QIPS TIPS #34: The Efficient ED Doc
Shari Welch, MD, FACHE, FACEP
Almost every emergency department and physician group contains a physician that is wildly efficient when compared to his partners. Whether this is because he is naturally an operational thinker or multi-tasker, he is more confident in his clinical decisions or whether he takes more risks in clinical practice…it is often hard to pin point. But in emergency medicine there are vast differences in the ability to efficiently process patients in the ED.
In a piece published in the New Yorker titled “Personal Best” Atul Gawande observed that many highly paid professionals employ the services of a personal coach to improve their skills and performance. From the concert violinist to the professional tennis player, the drive and quest for professional improvement becomes a way of life. By comparison, the typical emergency physician, who participates in one of the lengthiest and most expensive education and training regimens, typically gets a two hour orientation to his emergency department and thence begins his professional career. We do very little to enhance practice performance over time.
Though most physicians in a group (and nurses for that matter) can tell you the most efficient physician in the practice, we do little to explore that efficiency. The strategies utilized by these efficient providers are not disseminated by the group or incorporated into individual practices. This is an opportunity lost.
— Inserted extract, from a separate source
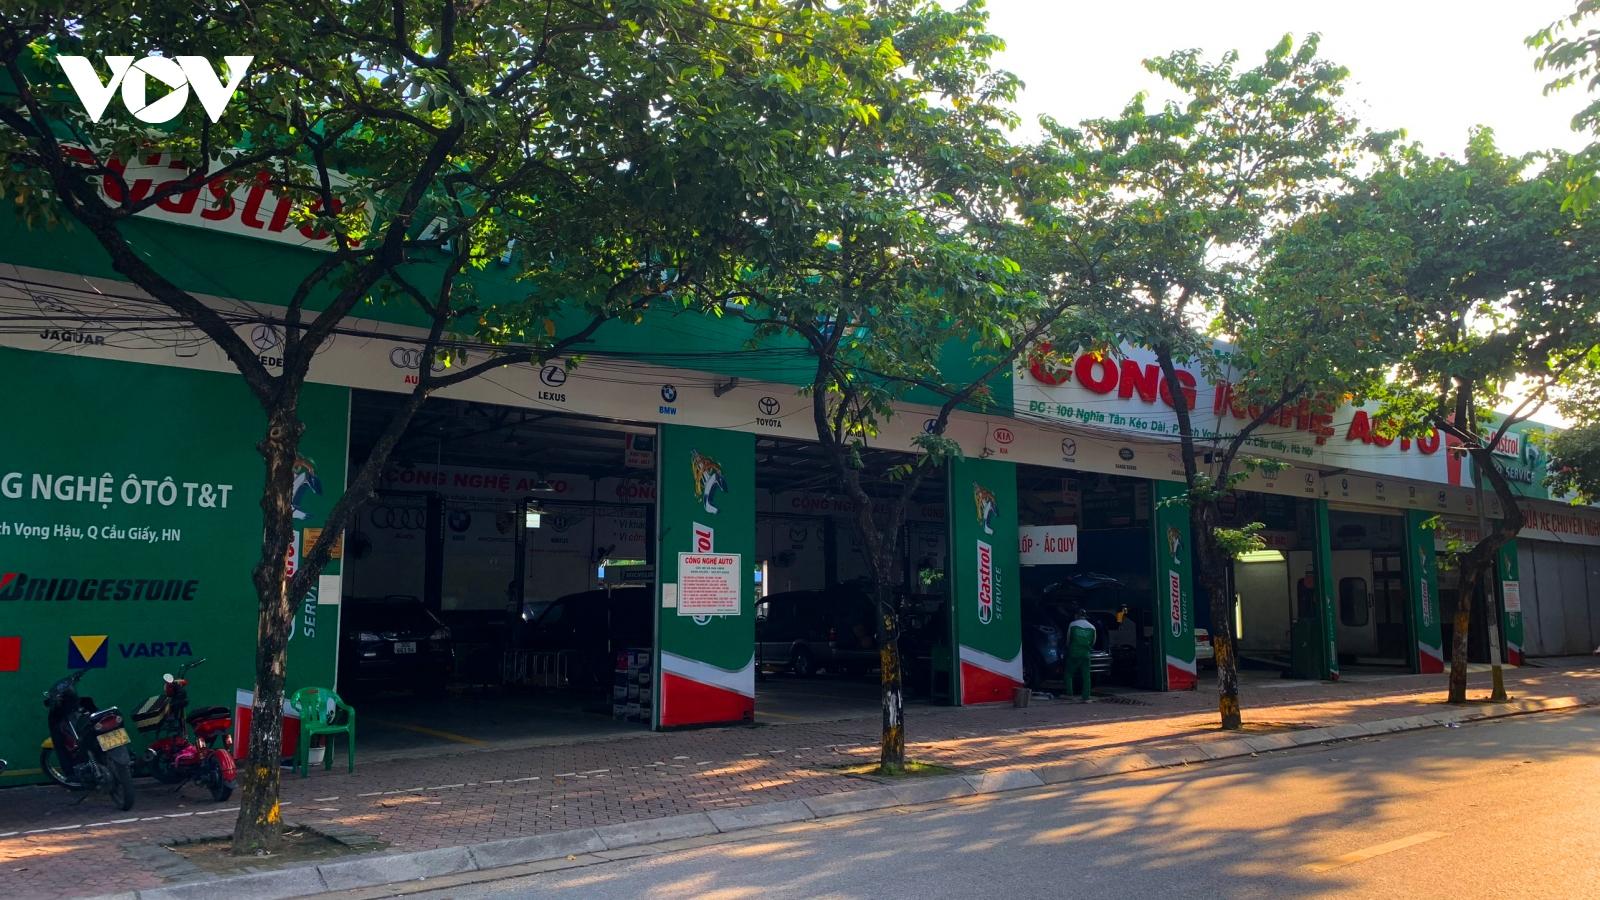 Sau giãn cách xã hội, nhiều gara ô tô tại Hà Nội thiếu thợ
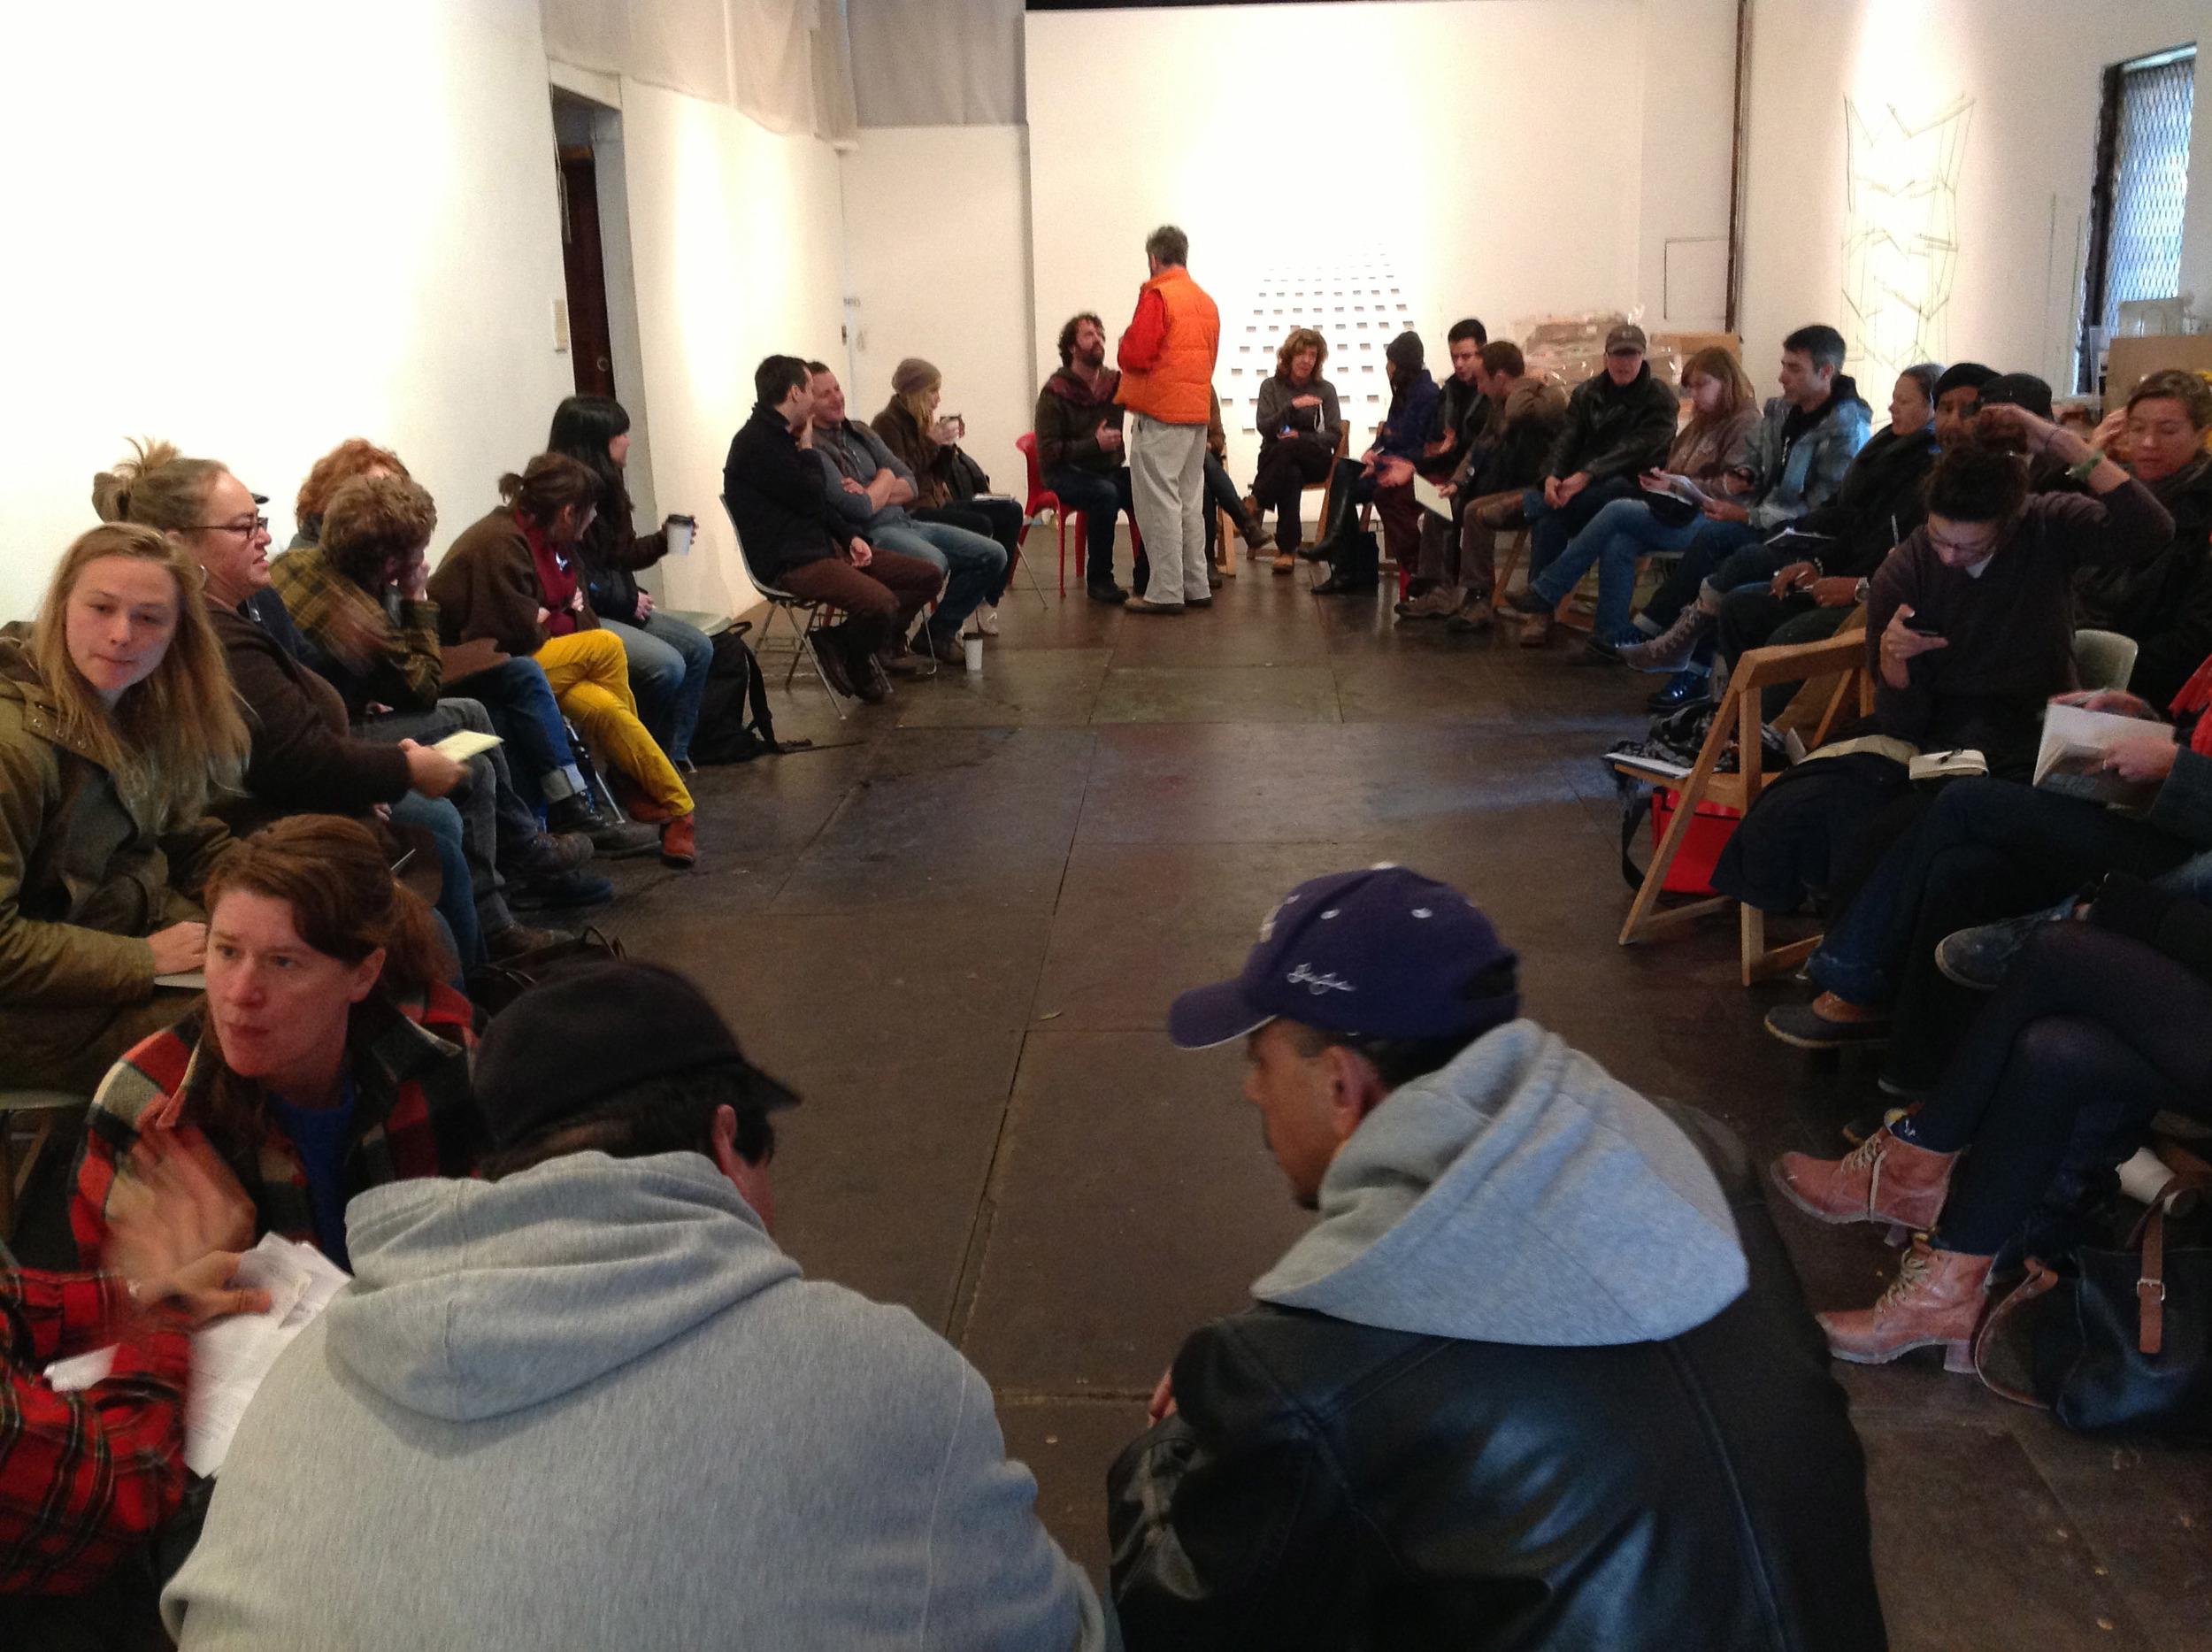 Meetings were held at Kentler Gallery

The efficient physician cultivates habits that move him to higher levels of practice efficiency. Two of the most important mantras for the efficient physician are:
- Touch it Once
- Limit Interruptions
“Touch it Once” is a concept borrowed from LEAN manufacturing that employs the notion that a task is most efficiently completed when it is done in one encounter. Examples of this applied to the work of the ED Physician include:
- Check all labs and imaging that are available at the time of a logon
- As you begin sense making and then diagnosing, order all tests at once; avoid constant add-ons
“Limiting Interruptions” can be difficult in the unscheduled environment of the ED but a few ideas that help limit workflow interruptions of the physician:
- Inform the team as to your plan for each patient
- Train staff to avoid interruptions when you are on the phone or performing computer tasks
- Develop non-verbal communication methods to facilitate workflow including computerized cues and visual cues (flags, whiteboard communications, lights etc.)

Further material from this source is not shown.